— Exercise directions —
In the entries that follow, the lines from the one with "Kitchens Parchment Paper" through the one with "The Effects of" are the ones to write out, exactly and with both ends included. Nothing else should appear.

— Extracted data —
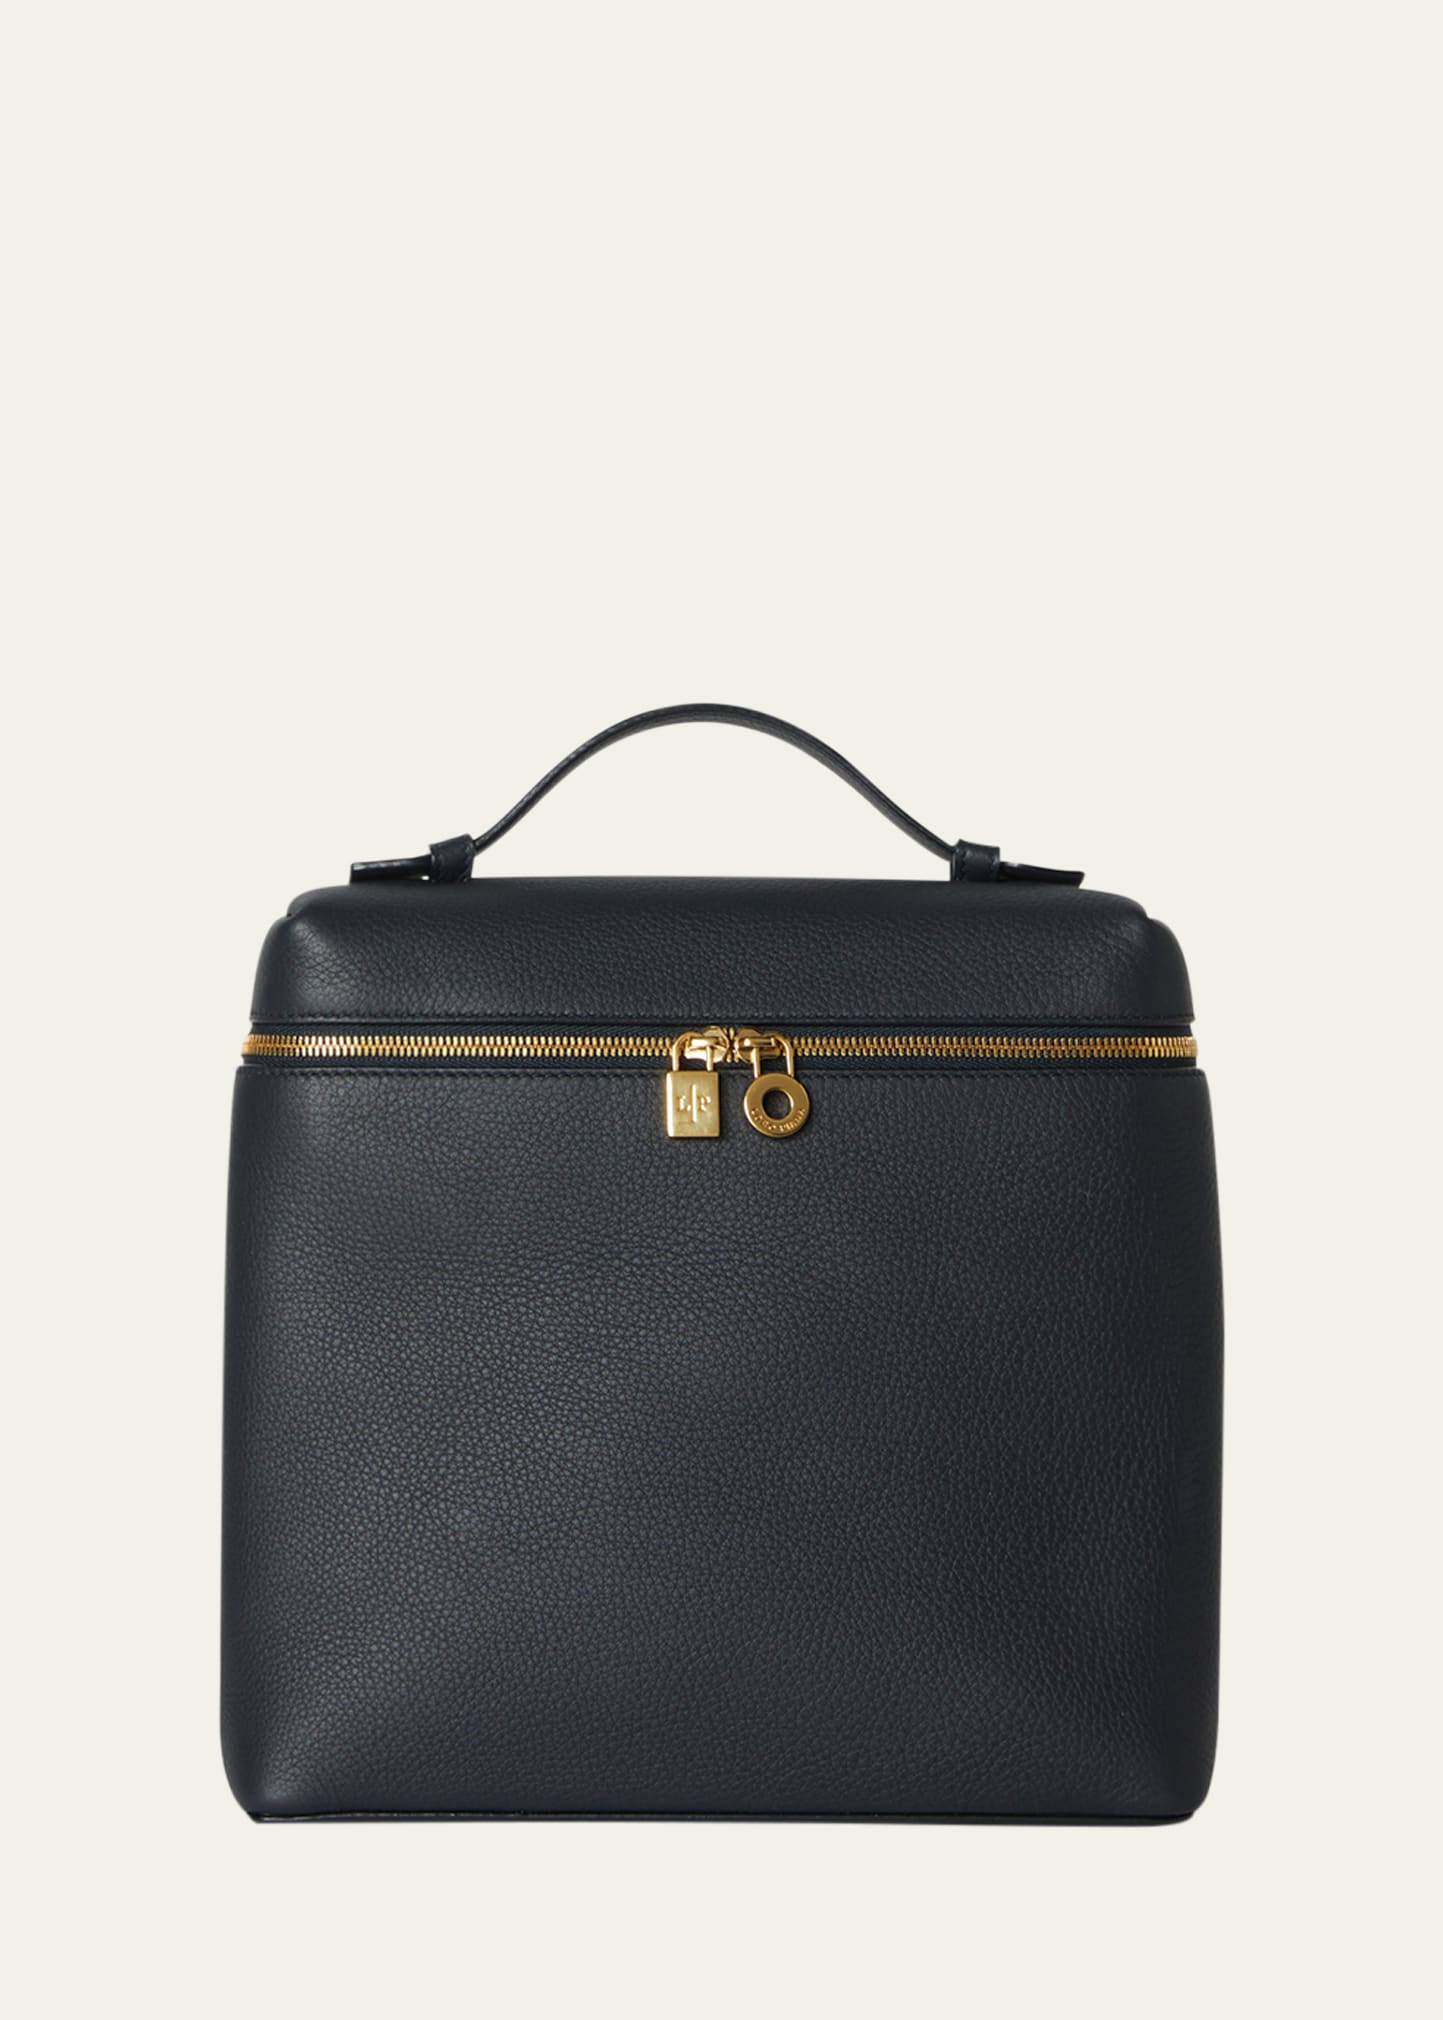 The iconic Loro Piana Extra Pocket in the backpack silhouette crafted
---
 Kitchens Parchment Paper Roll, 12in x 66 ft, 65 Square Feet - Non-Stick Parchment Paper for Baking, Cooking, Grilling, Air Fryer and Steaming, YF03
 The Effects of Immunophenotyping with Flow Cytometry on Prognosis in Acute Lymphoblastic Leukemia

— Written answer —
 Kitchens Parchment Paper Roll, 12in x 66 ft, 65 Square Feet - Non-Stick Parchment Paper for Baking, Cooking, Grilling, Air Fryer and Steaming, YF03
 The Effects of Immunophenotyping with Flow Cytometry on Prognosis in Acute Lymphoblastic Leukemia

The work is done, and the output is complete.